Tests pass locally but I got these warnings, not sure if they're a problem or not.

====================================================================================== warnings summary ====================================================================================== ../../../anaconda3/lib/python3.9/site-packages/gymnasium/envs/registration.py:521 /Users/elliottower/anaconda3/lib/python3.9/site-packages/gymnasium/envs/registration.py:521: UserWarning: WARN: Overriding environment MiniGrid-BlockedUnlockPickup-v0 already in registry. logger.warn(f"Overriding environment {new_spec.id} already in registry.")

../../../anaconda3/lib/python3.9/site-packages/gymnasium/envs/registration.py:521 /Users/elliottower/anaconda3/lib/python3.9/site-packages/gymnasium/envs/registration.py:521: UserWarning: WARN: Overriding environment MiniGrid-LavaCrossingS9N1-v0 already in registry. logger.warn(f"Overriding environment {new_spec.id} already in registry.")

pseudo-rnd-thoughts commented 1 year ago

Don't worry about that, this is due to pycharm adding the project path when you run python (I believe)

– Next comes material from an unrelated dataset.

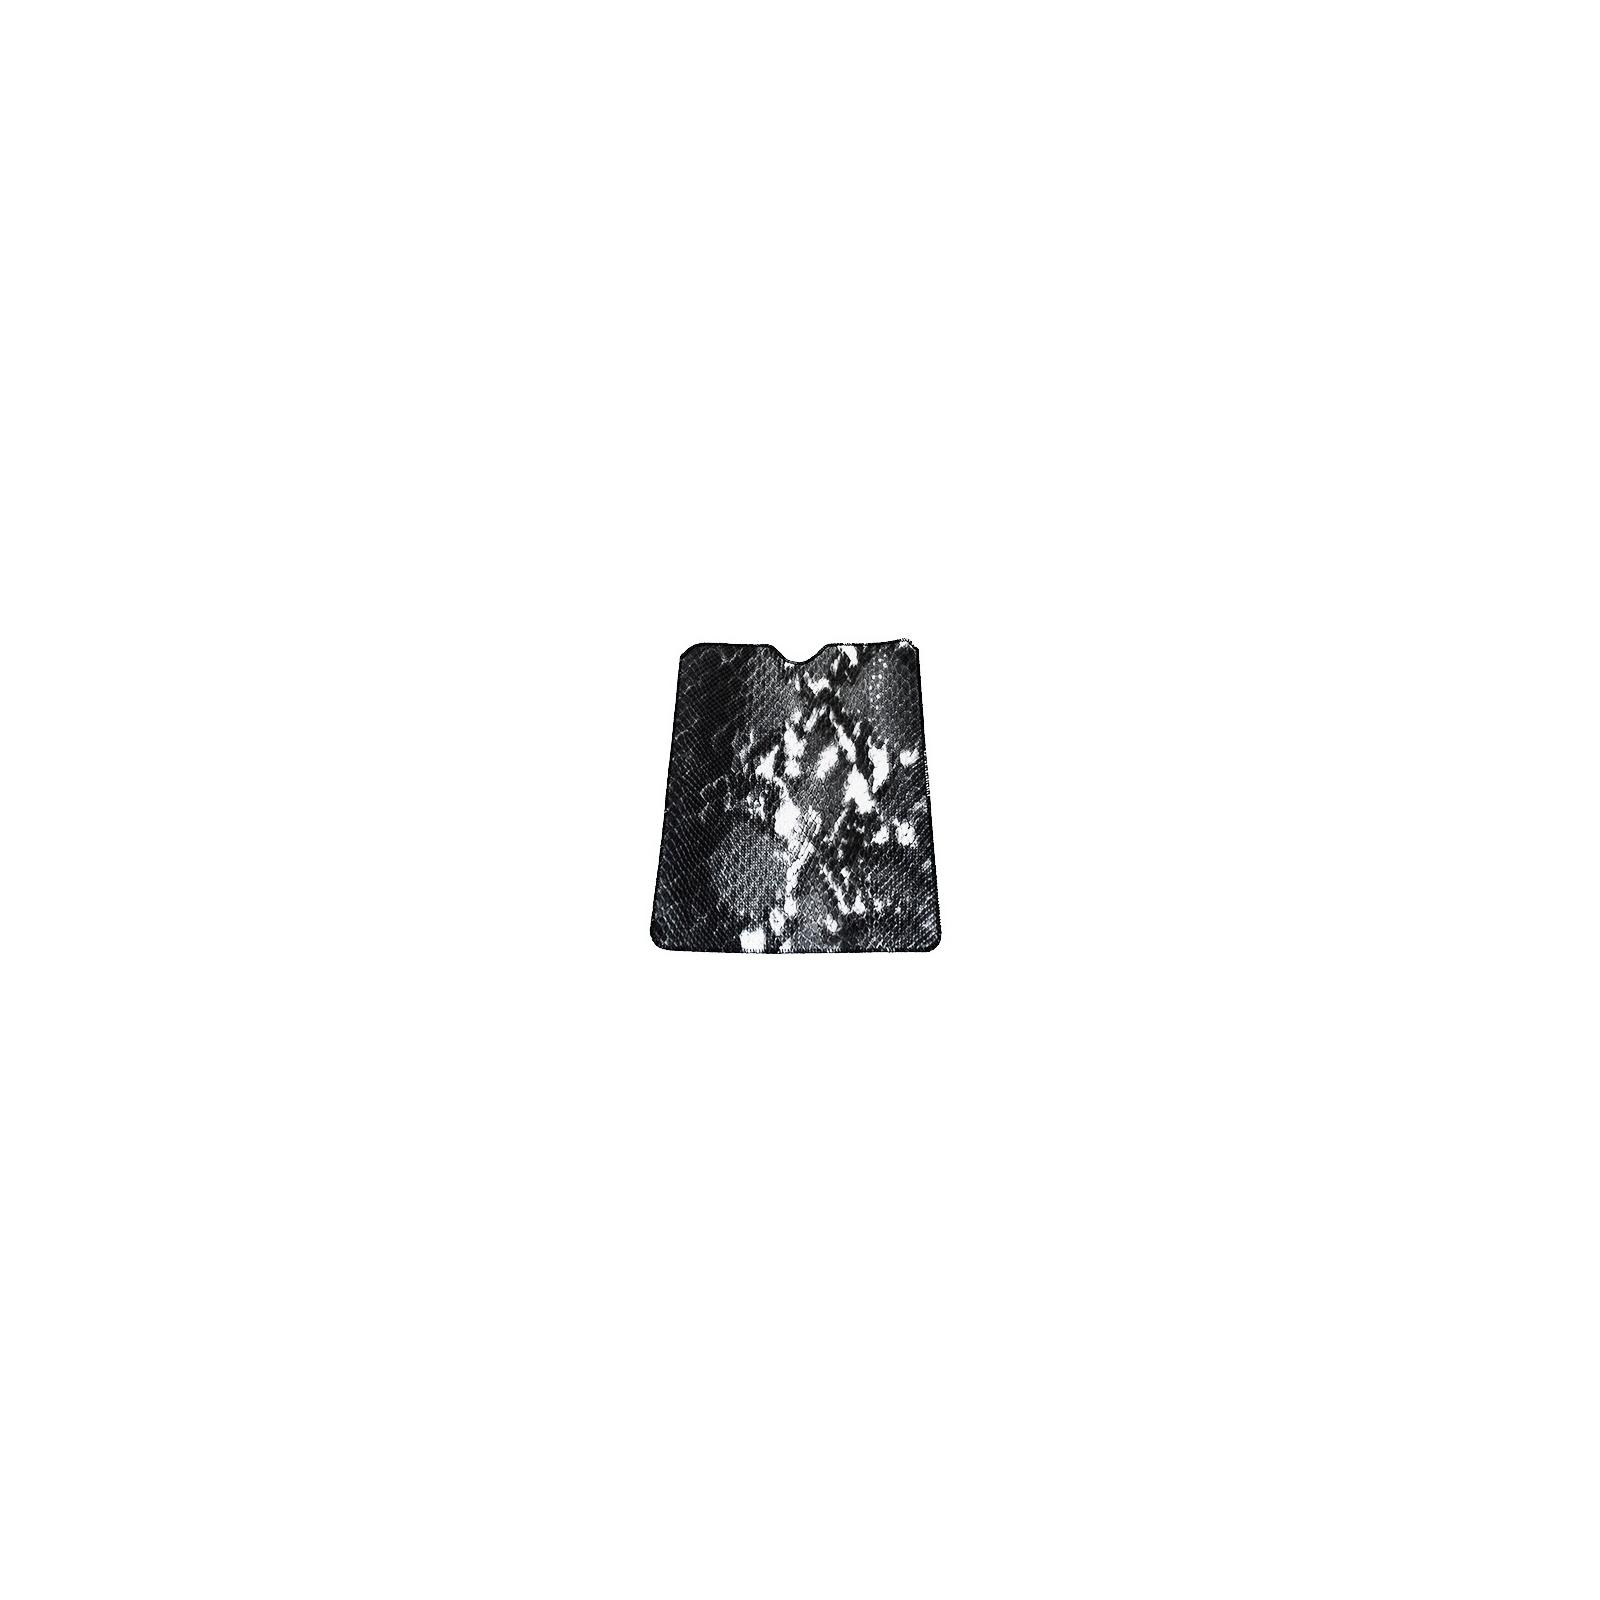 "Чехол для планшета Drobak 9.7-10.1"" Universal/Сrocodile Case /Black (216828)"

pseudo-rnd-thoughts commented 1 year ago

I believe you need to add an entry_points and update the dockerfile, see the gymnasium dockerfile on the last line https://github.com/Farama-Foundation/Gymnasium/blob/main/bin/docker_entrypoint

elliottower commented 1 year ago

I believe you need to add an entry_points and update the dockerfile, see the gymnasium dockerfile on the last line https://github.com/Farama-Foundation/Gymnasium/blob/main/bin/docker_entrypoint

Good call, thanks. Moved them to bin to make it the same as gymnasium (seems cleaner as well not having as many files in root but I can move them back if we want).